Search the entries below for "Blau", and copy each line where it appears.

* [Source data]

------------------------

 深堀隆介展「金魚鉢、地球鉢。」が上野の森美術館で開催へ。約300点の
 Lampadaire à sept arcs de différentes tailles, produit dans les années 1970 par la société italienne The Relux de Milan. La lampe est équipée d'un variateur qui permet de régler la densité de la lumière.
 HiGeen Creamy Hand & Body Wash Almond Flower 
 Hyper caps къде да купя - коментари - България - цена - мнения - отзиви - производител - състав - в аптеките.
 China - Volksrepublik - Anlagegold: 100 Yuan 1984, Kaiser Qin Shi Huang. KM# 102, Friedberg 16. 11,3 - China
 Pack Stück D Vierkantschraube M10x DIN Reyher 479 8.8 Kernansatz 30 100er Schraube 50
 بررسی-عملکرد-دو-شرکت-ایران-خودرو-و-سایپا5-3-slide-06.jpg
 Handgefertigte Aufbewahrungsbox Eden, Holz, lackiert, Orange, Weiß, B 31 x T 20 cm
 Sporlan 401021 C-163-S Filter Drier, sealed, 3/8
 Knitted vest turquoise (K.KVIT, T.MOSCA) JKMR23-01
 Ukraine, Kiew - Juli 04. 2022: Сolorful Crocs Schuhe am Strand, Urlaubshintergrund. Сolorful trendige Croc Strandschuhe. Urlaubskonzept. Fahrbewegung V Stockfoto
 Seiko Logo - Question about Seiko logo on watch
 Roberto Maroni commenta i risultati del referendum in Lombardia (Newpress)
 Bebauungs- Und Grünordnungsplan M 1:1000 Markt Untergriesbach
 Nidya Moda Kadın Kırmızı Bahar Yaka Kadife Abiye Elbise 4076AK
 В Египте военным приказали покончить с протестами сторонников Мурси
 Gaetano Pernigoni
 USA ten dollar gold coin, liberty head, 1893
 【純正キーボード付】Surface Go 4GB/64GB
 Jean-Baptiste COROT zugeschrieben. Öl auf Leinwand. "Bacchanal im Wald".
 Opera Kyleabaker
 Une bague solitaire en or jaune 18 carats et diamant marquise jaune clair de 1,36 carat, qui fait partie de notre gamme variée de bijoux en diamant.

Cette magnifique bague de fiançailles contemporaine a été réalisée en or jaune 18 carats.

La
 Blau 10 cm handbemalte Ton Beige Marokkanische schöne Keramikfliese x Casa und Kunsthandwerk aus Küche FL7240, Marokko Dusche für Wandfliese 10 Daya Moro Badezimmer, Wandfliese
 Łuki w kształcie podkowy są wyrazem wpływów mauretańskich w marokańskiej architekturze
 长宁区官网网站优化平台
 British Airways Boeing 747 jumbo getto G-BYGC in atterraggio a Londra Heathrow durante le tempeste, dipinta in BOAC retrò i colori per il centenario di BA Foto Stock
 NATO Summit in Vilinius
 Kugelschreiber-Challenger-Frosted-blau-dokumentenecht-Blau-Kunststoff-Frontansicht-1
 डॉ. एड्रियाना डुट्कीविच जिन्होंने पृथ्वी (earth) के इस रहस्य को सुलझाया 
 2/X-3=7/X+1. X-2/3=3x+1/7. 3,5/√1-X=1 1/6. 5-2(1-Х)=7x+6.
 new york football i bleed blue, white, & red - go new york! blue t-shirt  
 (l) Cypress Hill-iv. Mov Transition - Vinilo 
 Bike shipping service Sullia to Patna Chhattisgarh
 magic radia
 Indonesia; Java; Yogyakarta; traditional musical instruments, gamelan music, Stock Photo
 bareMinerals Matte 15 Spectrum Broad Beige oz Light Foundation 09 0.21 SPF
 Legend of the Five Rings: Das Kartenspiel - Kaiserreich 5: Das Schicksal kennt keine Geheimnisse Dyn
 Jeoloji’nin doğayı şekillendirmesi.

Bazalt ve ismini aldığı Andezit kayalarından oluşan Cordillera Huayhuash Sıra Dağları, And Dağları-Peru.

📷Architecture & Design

------------------------

* [Response to this exercise]
 Blau 10 cm handbemalte Ton Beige Marokkanische schöne Keramikfliese x Casa und Kunsthandwerk aus Küche FL7240, Marokko Dusche für Wandfliese 10 Daya Moro Badezimmer, Wandfliese
 Kugelschreiber-Challenger-Frosted-blau-dokumentenecht-Blau-Kunststoff-Frontansicht-1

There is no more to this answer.